Naquele documento, estavam previstas atividades operacionais e inovações, tais como o Programa Forças no Esporte e outros que vieram, tais como o Programa Soldado-Cidadão, que qualificou milhares de egressos do Serviço Militar das Forças Armadas. Ainda durantes seu Governo, foi atualizada a Política Nacional de Defesa (PND), em 2005, lastreada legalmente no Decreto Presidencial Nr 5.484, de 30 de junho de 2005, cuja primeira versão fora de 1996, estabelecendo os objetivos e diretrizes para o emprego e capacitação do poder nacional, respondendo “o que fazer”, esclarecendo quais os objetivos do setor de defesa nacional. Estrutura-se em dois eixos: político e estratégico, cabendo ao primeiro a análise dos ambientes interno e externo, restando ao segundo a apresentação das diretrizes e objetivos da segurança nacional. Dividida está em quatro partes: 1ª parte sendo “O Estado, a segurança e a defesa”; 2ª e 3ª parte versando sobre ambiente internacional e regional (América do Sul e países constituintes da Zona de Paz e Cooperação do Atlântico Sul (ZOPACAS); 4ª parte finalizando com a preocupação destinada à Amazônia, em sua versão “Legal” e “Amazônia Azul”. Importante ter conhecimento do entorno regional, conforme conceito analisado por Edson Tomaz de Aquino: 62

Nas palavras de José Luis Fiori, a expressão “entorno estratégico” surge na política externa brasileira como um conceito “novo e revolucionário”, referindo-se à “região onde o Brasil quer irradiar – preferencialmente – sua influência e sua liderança diplomática, econômica e militar, o que inclui a América do Sul, a África Subsaariana, a Antártida e a Bacia do Atlântico Sul” (Fiori, 2013). Para ele, a projeção da influência e poder de uma sociedade para fora de suas fronteiras nacionais coloca como objetivo fundamental a mudança de sua posição dentro da hierarquia de poder e distribuição da riqueza internacional.
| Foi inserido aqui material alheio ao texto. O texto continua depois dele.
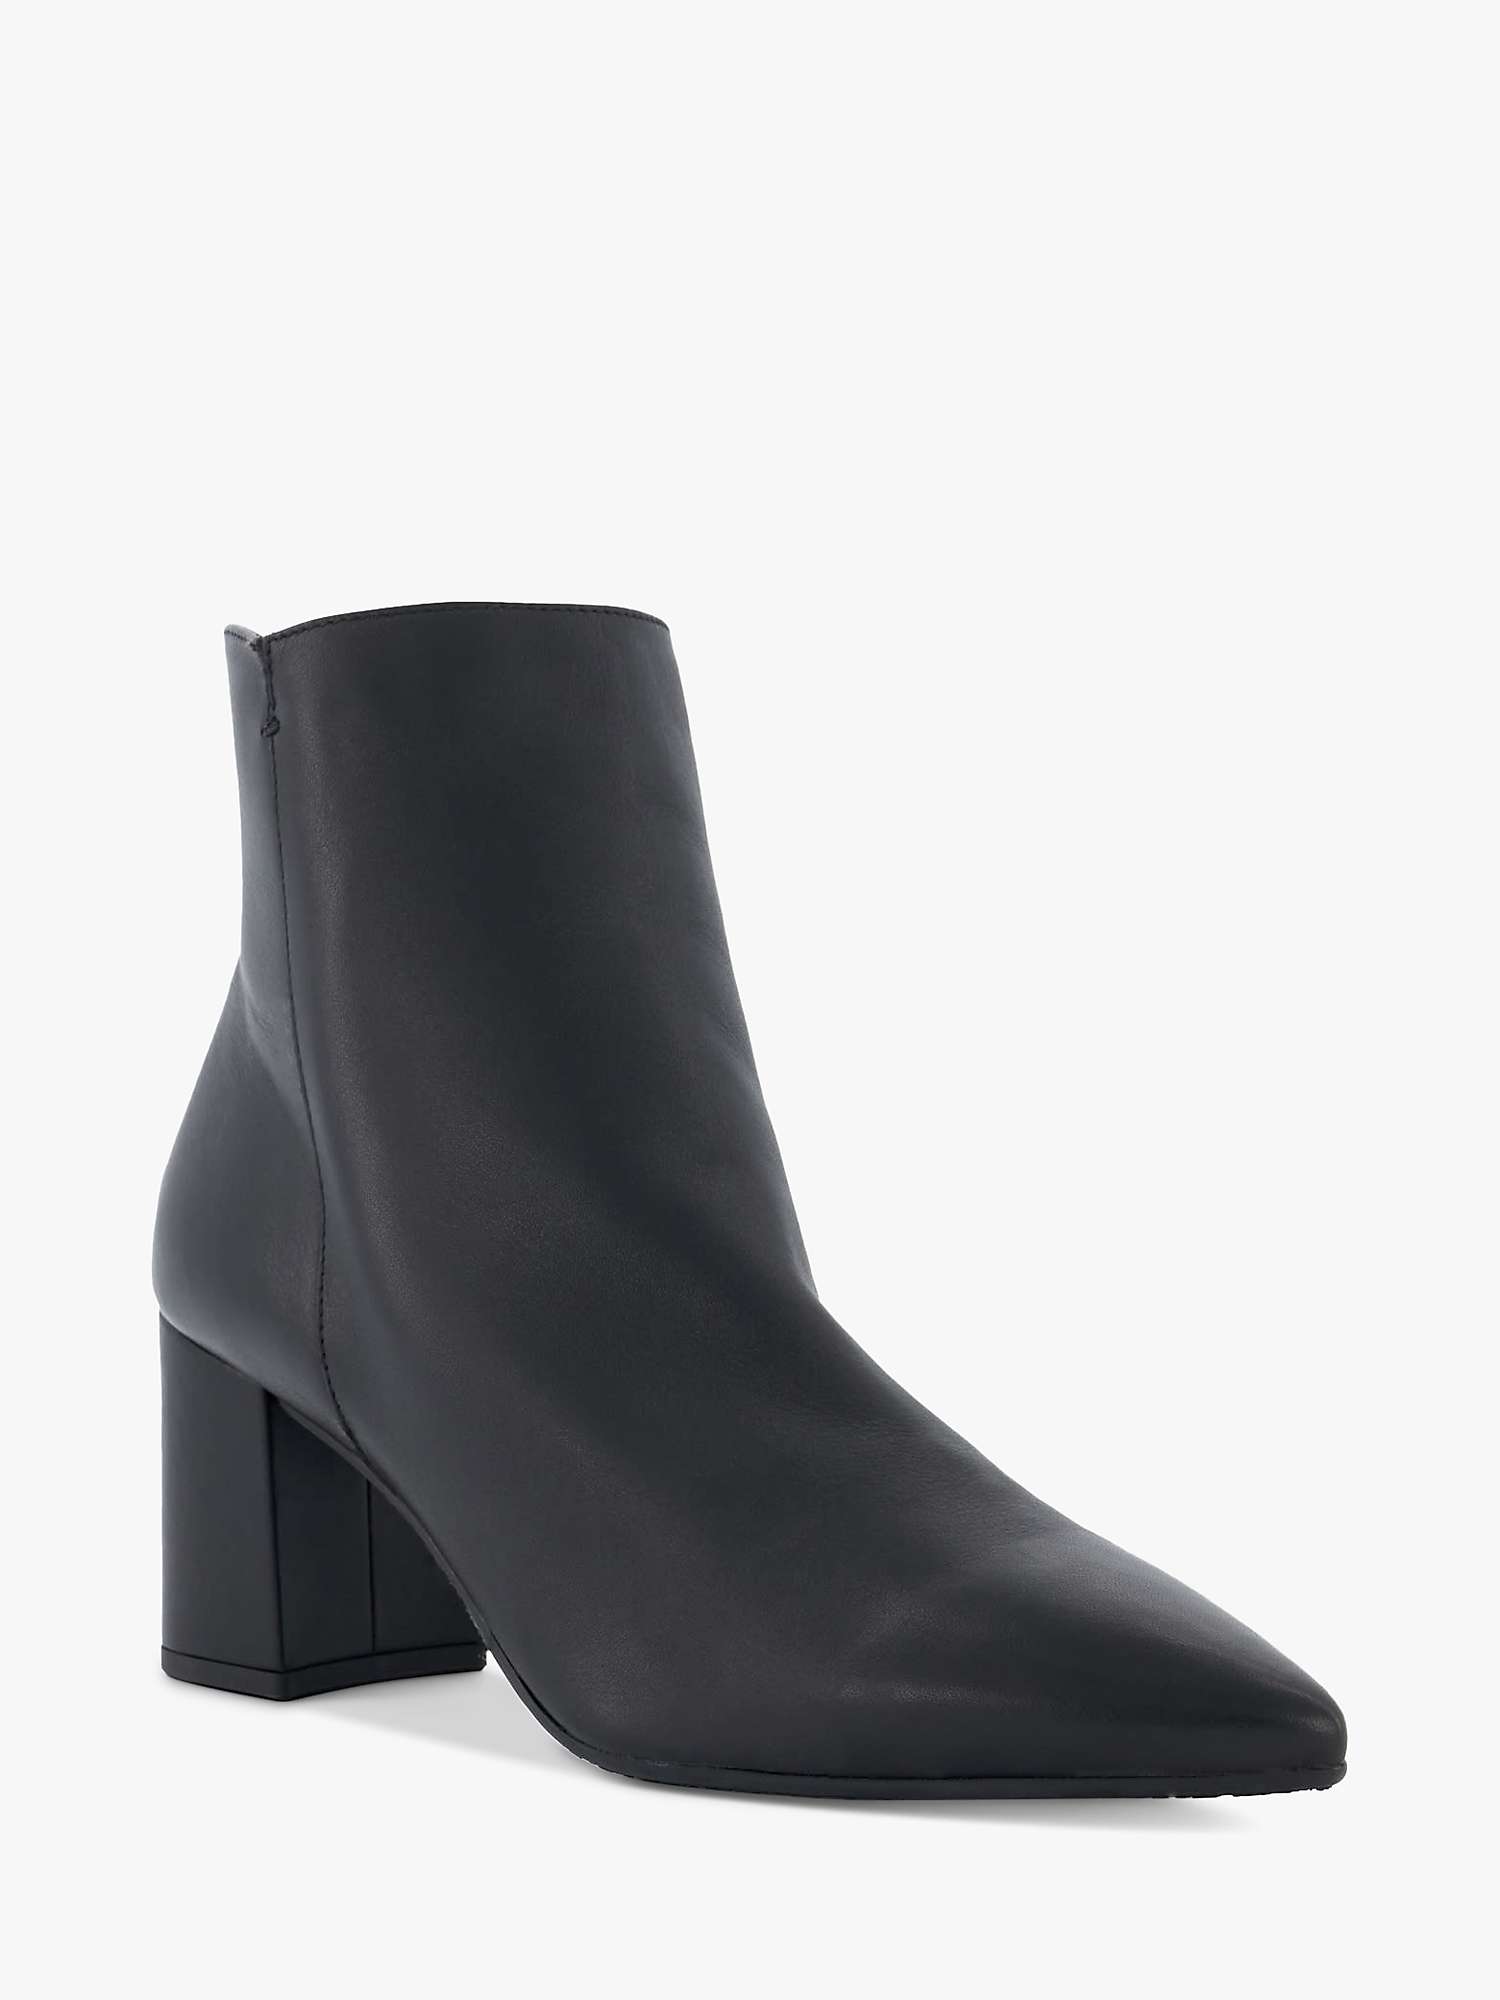 Dune Olexa Pointed Leather Boots, Black at John Lewis & Partners

Ao longo da história, a mudança foi alcançada por sociedades que se mobilizaram e atuaram de forma unificada para enfrentar e superar seus momentos de dificuldade e suas situações de inferioridade, mantendo seu objetivo estratégico por longos períodos de tempo, independentemente das mudanças internas de governo. O conceito surge pela primeira vez em documentos oficiais brasileiros na Política de Defesa Nacional (PDN), promulgada em 2005, no governo Lula, e desde então seu uso passa a ser recorrente em substituição ao termo “vizinhança”. Sugere a ampliação do espaço circunvizinho, incluindo não apenas Estados fronteiriços, mas também áreas não contíguas, separadas por oceano, como a África. De acordo com o documento, “o subcontinente da América do Sul é o ambiente regional no qual o Brasil se insere. Buscando aprofundar seus laços de cooperação, o país visualiza um entorno estratégico que extrapola a massa do subcontinente e incluiu a projeção pela fronteira do Atlântico Sul e os países lindeiros da África” (Brasil, 2005). Em 2012, com a reformulação da PND observa-se a inclusão da Antártica no entorno estratégico brasileiro. Para o documento “a América do Sul é o ambiente regional no qual o Brasil se insere. Buscando aprofundar seus laços de cooperação, o país visualiza um entorno estratégico que extrapola a região sul-americana e inclui o Atlântico Sul e os países lindeiros da África, assim como a Antártica” (Brasil, 2012, p.21). (SAINT-PIERRE e VITELLI, 2018, p.333-334)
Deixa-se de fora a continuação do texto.